/in_nomine_function

Models and code for the paper: In Nomine Function: Naming Functions in Stripped Binaries with Neural Networks

Primary LanguagePythonOtherNOASSERTION

In Nomine Function

Models and code for the paper:

In Nomine Function: Naming Functions in Stripped Binaries with Neural Networks [PDF]

TL;DR: We used a transformer model to predict function name in a stripped binary.

If you are using this code please cite:

@article{artuso2019nomine,
  title={In Nomine Function: Naming Functions in Stripped Binaries with Neural Networks},
  author={Artuso, Fiorella and Di Luna, Giuseppe Antonio and Massarelli, Luca and Querzoni, Leonardo},
  journal={arXiv},
  year={2019}
}

Quickstart

Using our model to predict names for a stripped binary is straightforward. Here we'll show how to predict function names for a given binary. In this example we will use the same gonnacry sample we used in our paper.

Requirements: To predict names for your own binary you need radare2 installed on your machine. To install it take a look at https://github.com/radareorg/radare2.


Clone this repo and install dependencies

First of all clone this repository:

git clone --recursive https://github.com/lucamassarelli/in_nomine_function 

After cloning the repo, install all requirements:

pip install -r requirements.txt

Download trained model

Now you need to download the trained model.
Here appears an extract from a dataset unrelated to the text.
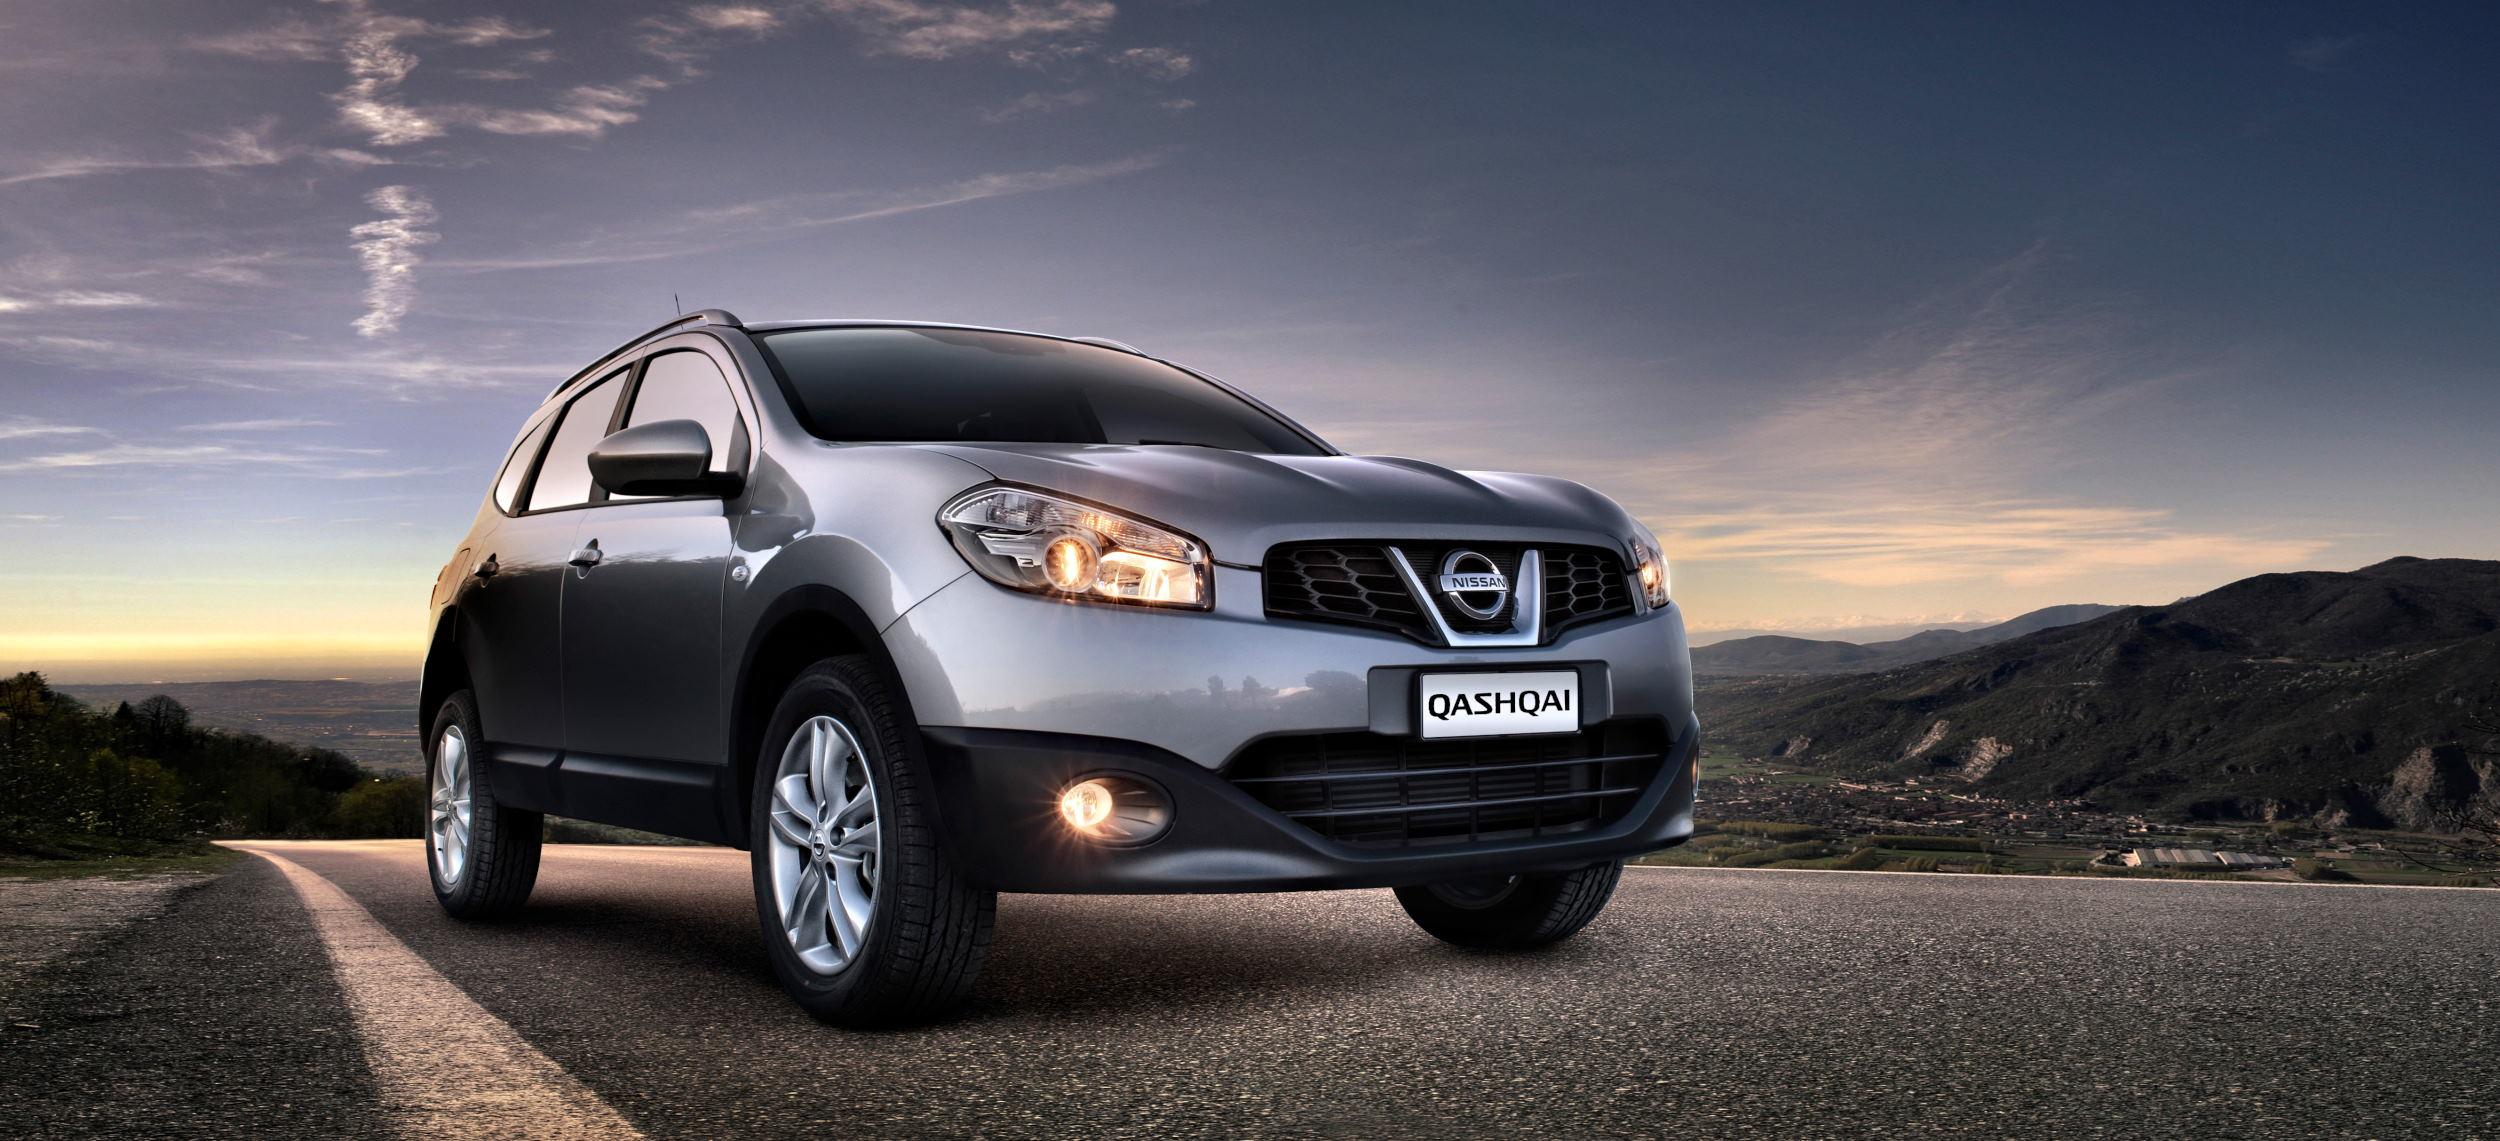 Nissan Qashqai- Self promotion

To download the transformer_pt model:

python downloader.py --transformer_pt

This will download the pretrained transformer model described in the paper in the folder data/model/ .


Disassemble the program and dump the assembly code

Then, you need to dump the assembly code for unnamed funtions in your stripped binary:

python dump_data_from_binary.py -i gonnacry.o -o data/gonnacry -s

This will create two files: data/gonnacry.asm where each line correspond to the dumped assembly code for a function and data/gonnacry.meta where each line correspond to the address and the name of each function. The -s option tells to script to dump all functions in the binary, also the ones that are referenced by a symbol.


Predict!

Finally, launch the predictions:

./predict.sh data/gonnacry.asm data/gonnacry.pred data/model/model.transformer_asm_name_step_219400.pt

This will predict the names for the functions in your binary and will print them in the prediction file, each line in the prediction file represent the predicted name for the corresponding line in data/gonnacry.asm and data/gonnacry.meta files.


Of course, you can replace gonnacry binary with any unix X86 executable of your choice.

Reproducing paper results

We are committed to permit an easy reproduction of research results. We hope that the information below will permit to anyone to reproduce an easy reproduction of the results in our research paper.

Downloading ubuntu dataset

If you want to download the whole ubuntu dataset described in the paper, you can use (This operation needs 40 GB of free space):

python downloader.py --all_data

If you don't need the whole dataset, you can download only the test set:

python downloader.py --test_data

Reproducing results on the test set

Once downloaded the ubuntu test set you can run:

./predict.sh data/ubuntu_test_data/ubuntu_ds_test.asm \
             ubuntu_ds_test.pred \
             data/model/model.transformer_asm_name_step_219400.pt \
             data/ubuntu_test_data/ubuntu_ds_test.name

This will predict names for the functions in the test set and then it will compute precision, recall and f1 score on them.

You can also predict names using our pretrained seq2seq model. To download it:

python downloader.py --seq2seq_pt

Training a model from scratch

You can train your model from scratch. First, download the whole ubuntu dataset as explained above.

Once you have downloaded the dataset you need to preprocess it:

./preprocess.sh

This script assume the dataset is in the default folder data/ubuntu_all_data/, modify it according to your local setup. The preprocessing will create binary data file into the folder data/preprocessed_ubuntu_dataset.

Finally, you can start the training.

To train transformer model:

python OpenNMT-py/train.py --config model_configs/config_transformer.yaml

To train seq2seq model:

python OpenNMT-py/train.py --config model_configs/config_seq2seq.yaml

Acknowledgements

In our code we use godown to download data from Google drive. We thank circulosmeos, the creator of godown. Giuseppe Di Luna was supported by the AXA Fellowship.